Why not just chain LLM calls in a loop? Because the pipeline has:
- Conditional branching — the orchestrator routes failures to whichever agent owns the broken file
- Human-in-the-loop interrupts — the workflow pauses mid-execution, waits for Telegram/dashboard input, then resumes exactly where it left off
- Persistent checkpointing — if the server crashes during a retry loop, it picks up from the last checkpoint on restart
- Dynamic pipelines — the planner decides at runtime which agents are needed (a backend-only task skips frontend and database agents)
LangGraph gives us all of this as a first-class state machine with typed state (AgentState TypedDict), interrupt nodes, and pluggable checkpointers.
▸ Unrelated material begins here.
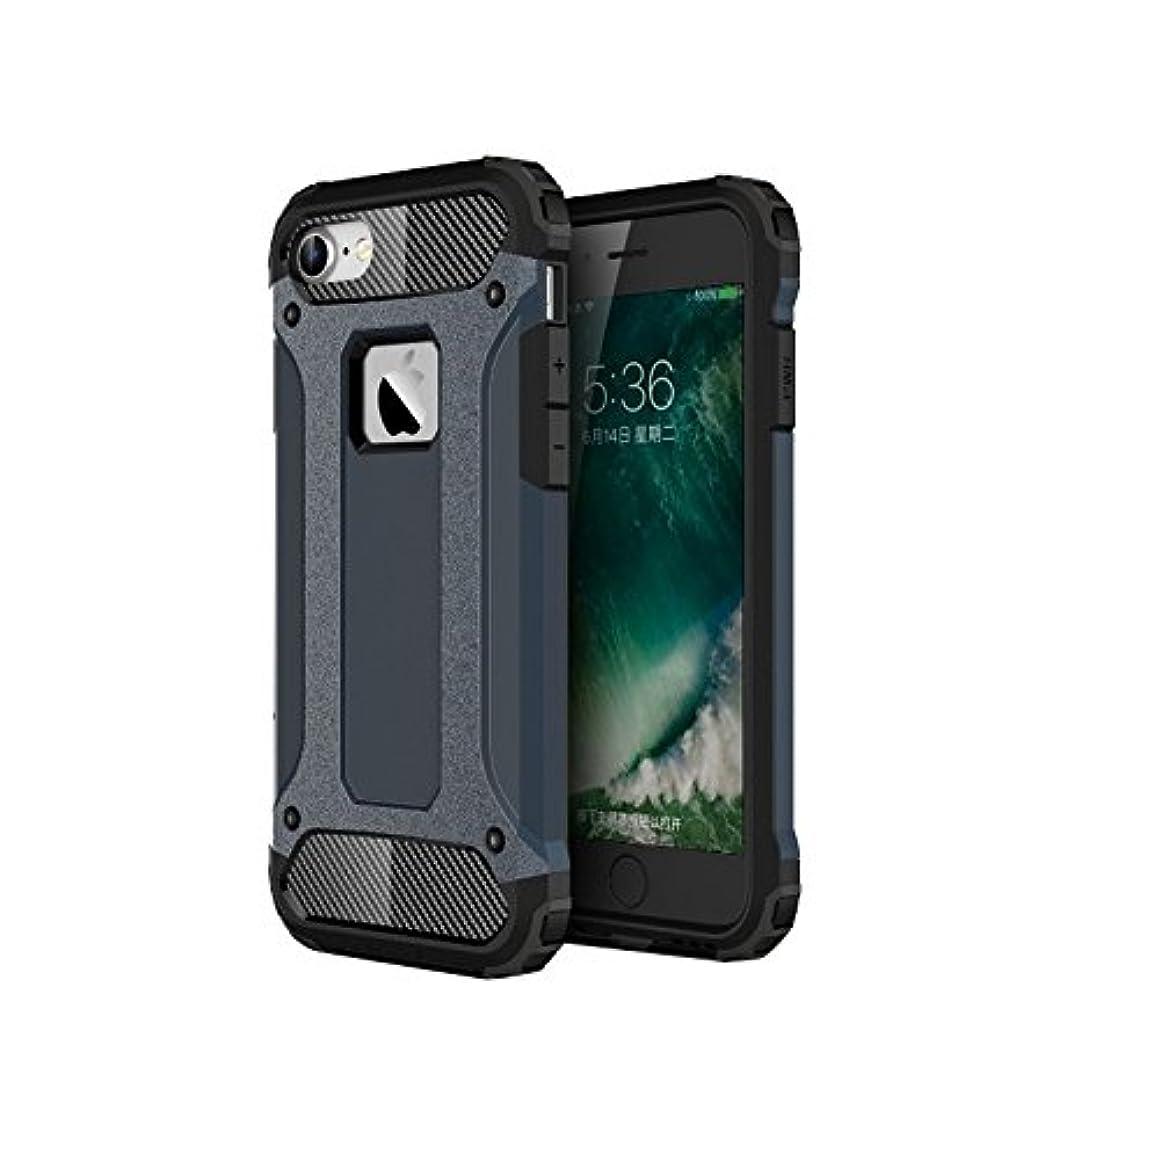 つぶす何十人も手入れiPhone 6s Plus / 6 Plus ケース ハード ハイブリッド TPU + ポリカーボネート 二重構造 耐衝撃 防塵フタ付き 軽量 薄型 (ネイビー)

The alternative was hand-rolling state persistence, interrupt/resume logic, and routing — which is exactly the kind of infrastructure that breaks in edge cases.
Every agent calls litellm.acompletion() — one function, same signature, any provider. This means:
- Switch any agent to a different model by changing one env var (
MODEL_BACKEND=ollama/qwen2.5-coder) - Run the entire pipeline locally with Ollama (zero cost, no internet)
- Use free-tier providers (OpenRouter
:free, Groq) for development - Automatic retry with exponential backoff on rate limits (429) and transient errors (503)
- Fallback to a backup model if the primary exhausts retries
LiteLLM translates between Anthropic, OpenAI, Ollama, Groq, DeepSeek, Gemini, and OpenRouter APIs — no provider-specific SDK code anywhere in agent logic.
Each agent's identity (expertise, learned rules, past mistakes, correction rules, code style, beliefs) is stored in Firestore. Why Firestore specifically?
- Document model — identity is a nested JSON document (lists of rules, dicts of beliefs), not relational rows
- Real-time updates — agents read their identity at the start of every task and write back after reflection
- Version snapshots — every identity save creates a versioned subcollection entry; you can roll back any agent to any previous version
- Serverless — no database to manage, automatic scaling, free tier covers development
The identity is completely model-independent. Swapping MODEL_BACKEND from Claude to DeepSeek changes the inference engine but preserves every learned rule.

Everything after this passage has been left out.